The speed of light in water is about 3/4 times the speed of light in air, so the ratio of the speed of light in the first medium to the speed of light in the second medium is 1/3/4 = 4/3.
Snell's Law can be written as follows:
sin(θ₁)/sin(θ₂) = 4/3
We are given that the angle of incidence is 55°, so let's substitute θ₁ = 55°:
sin(55°)/sin(θ₂) = 4/3
To find θ₂, we can rearrange the equation:
sin(θ₂) = sin(55°) * (3/4)
sin(θ₂) = (0.8192) * (3/4)
sin(θ₂) = 0.6144
To find the angle of refraction, we take the inverse sine of both sides:
θ₂ = sin^(-1)(0.6144)
θ₂ ≈ 38.7°
Therefore, the angle of refraction is approximately 38.7°.
The critical angle for water is the angle of incidence at which the refracted ray is parallel to the surface of the water. This occurs when the angle of refraction is 90°.
Using Snell's Law, we can find the critical angle by substituting θ₂ = 90° and solving for θ₁:
sin(θ₁)/sin(90°) = 4/3
sin(θ₁) = (4/3) * 1
sin(θ₁) = 4/3
To find the critical angle, we take the inverse sine of both sides:
θ₁ = sin^(-1)(4/3)
Using a calculator, we find that θ₁ ≈ 75.5°.
Therefore, the critical angle for water is approximately 75.5°.
To find the angle of refraction, we can apply Snell's law, which states that the ratio of the sines of the angles of incidence and refraction is equal to the ratio of the speeds of light in the respective mediums. In this case, the mediums are air and water.
Snell's Law:
n₁sinθ₁ = n₂sinθ₂
Where:
n₁ = refractive index of air = 1 (since air is taken as the reference medium)
n₂ = refractive index of water = 1.33 (approximate value)
θ₁ = angle of incidence = 55° (given)
θ₂ = angle of refraction (to be found)
Rearranging the formula, we have:
sinθ₂ = (n₁ / n₂) * sinθ₁
Substituting the given values, we get:
sinθ₂ = (1 / 1.33) * sin(55°)
Using a scientific calculator, calculate the value of sinθ₂, which is approximately 0.619
θ₂ = sin^−1(0.619)
θ₂ ≈ 38.8°
Therefore, the angle of refraction is approximately 38.8°.
The critical angle is the angle of incidence for which the angle of refraction becomes 90°. This occurs when the light is going from a medium with a higher refractive index to one with a lower refractive index.

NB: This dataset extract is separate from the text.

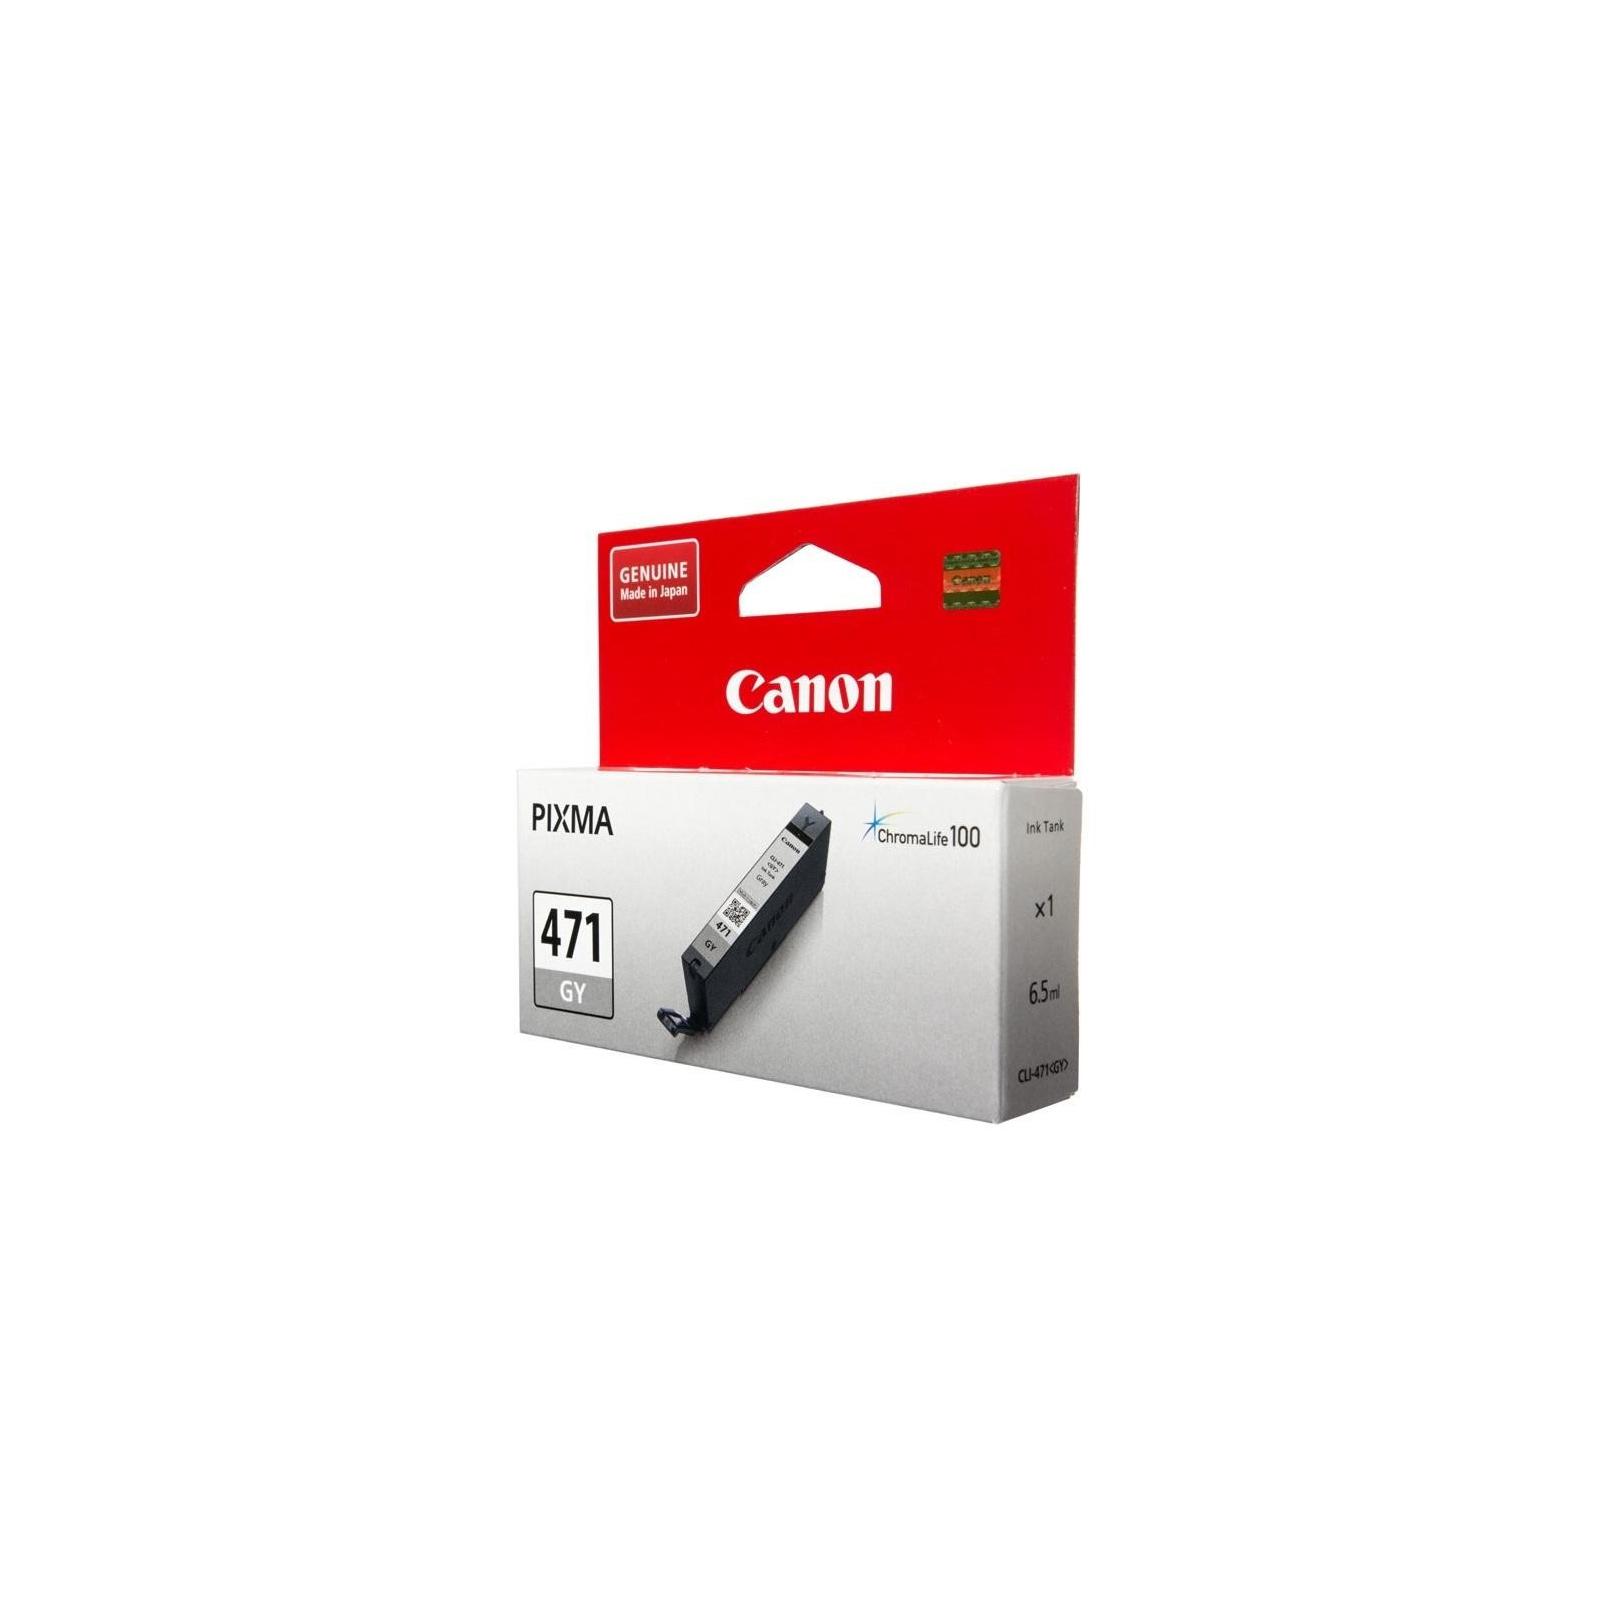 Картридж Canon CLI-471 XLGrey (0350C001)

In this case, the light is going from water (refractive index of 1.33) to air (refractive index of 1).
To find the critical angle, we can rearrange Snell's law as:
sinθ_c = (n₂ / n₁)
Substituting the values:
sinθ_c = (1.33 / 1)
Now, using a scientific calculator that has an inverse sine (sin^−1) function, find the value of sinθ_c, which is approximately 0.797.
θ_c = sin^−1(0.797)
θ_c ≈ 53.1°
Therefore, the critical angle for water is approximately 53.1°.